Acheter moins pour jeter moins
Pour les associations, la solution durable doit intervenir bien avant le moment du don. Elle suppose de réduire la surconsommation de vêtements et de remettre en question le modèle de la fast fashion.
Les consommateurs peuvent agir en achetant moins de pièces, mais de meilleure qualité. Ils peuvent également entretenir leurs vêtements, apprendre à les réparer et les conserver plus longtemps.
Les fabricants ont eux aussi une responsabilité. Les vêtements devraient être conçus pour durer et pour être plus facilement réparés ou recyclés. L’écoconception permettrait notamment de limiter les mélanges de fibres qui rendent aujourd’hui le recyclage extrêmement complexe.
Enfin, les pouvoirs publics peuvent accompagner cette évolution en soutenant les filières du réemploi, de la réparation et du textile durable.
Donner reste utile, à condition de donner correctement
Les associations ne demandent pas aux Français de cesser leurs dons. Elles rappellent simplement qu’un don doit constituer une véritable ressource et non transférer le coût d’un déchet à une organisation caritative.
Avant de remettre un vêtement à Emmaüs, à la Croix-Rouge, au Secours populaire ou à une autre structure, il convient de vérifier qu’il est :
- propre,
- parfaitement sec,
- non moisi,
- suffisamment solide,
- portable en l’état,
- placé dans un sac fermé lorsqu’il est déposé dans une borne textile.
👉 Le meilleur don n’est pas nécessairement le vêtement dont on veut simplement se débarrasser. C’est celui qui peut réellement être porté par une autre personne et bénéficier d’une seconde vie.
FAQ
👉 Quels vêtements peut-on donner à une association ?
Les vêtements donnés doivent être propres, secs et suffisamment solides pour être portés. Ils ne doivent pas être moisis, très tachés ou fortement déchirés.
👉 Emmaüs accepte-t-il les vêtements abîmés ?
Emmaüs cherche généralement à ne pas refuser les dons apportés dans ses centres. Les textiles mouillés sont toutefois écartés, car ils risquent de moisir et de contaminer les autres vêtements. Les pratiques peuvent varier localement.
👉 Où déposer les vêtements qui ne peuvent plus être portés ?
Les textiles trop usés peuvent être placés dans une borne de collecte adaptée s’ils sont propres et secs.

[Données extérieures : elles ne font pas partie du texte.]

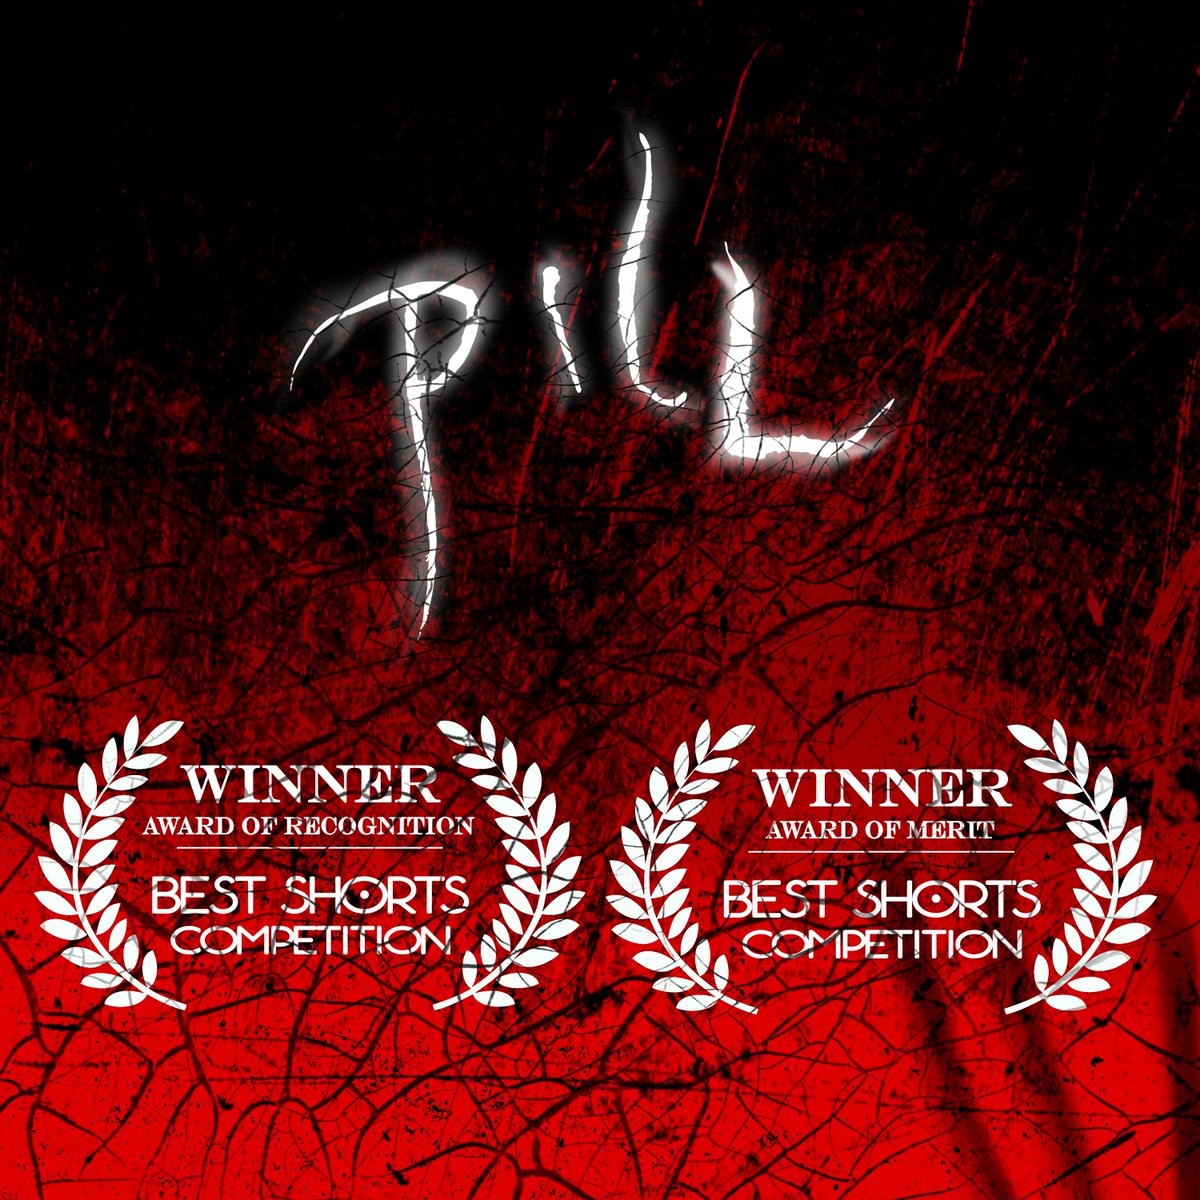 Our #horror #shortfilm PILL is a #WINNER at the @bestshorts Competition!
#HorrorCommunity #HorrorMovies #HorrorFam #filmmakers #Filmmaking #filmmaker #FilmFestival #filmfestival2021

Ils doivent être enfermés dans un sac afin de les protéger de l’humidité.
👉 Que deviennent les vêtements donnés à Emmaüs ?
Une partie est vendue dans les boutiques solidaires, tandis que d’autres vêtements sont recyclés ou exportés. Les textiles impossibles à valoriser deviennent des déchets.
👉 Pourquoi certains vêtements sont-ils exportés en Afrique ?
Les vêtements qui ne trouvent pas preneurs en France peuvent être revendus sur les marchés africains. Lorsque leur qualité est insuffisante, ils risquent toutefois de terminer dans des décharges à ciel ouvert.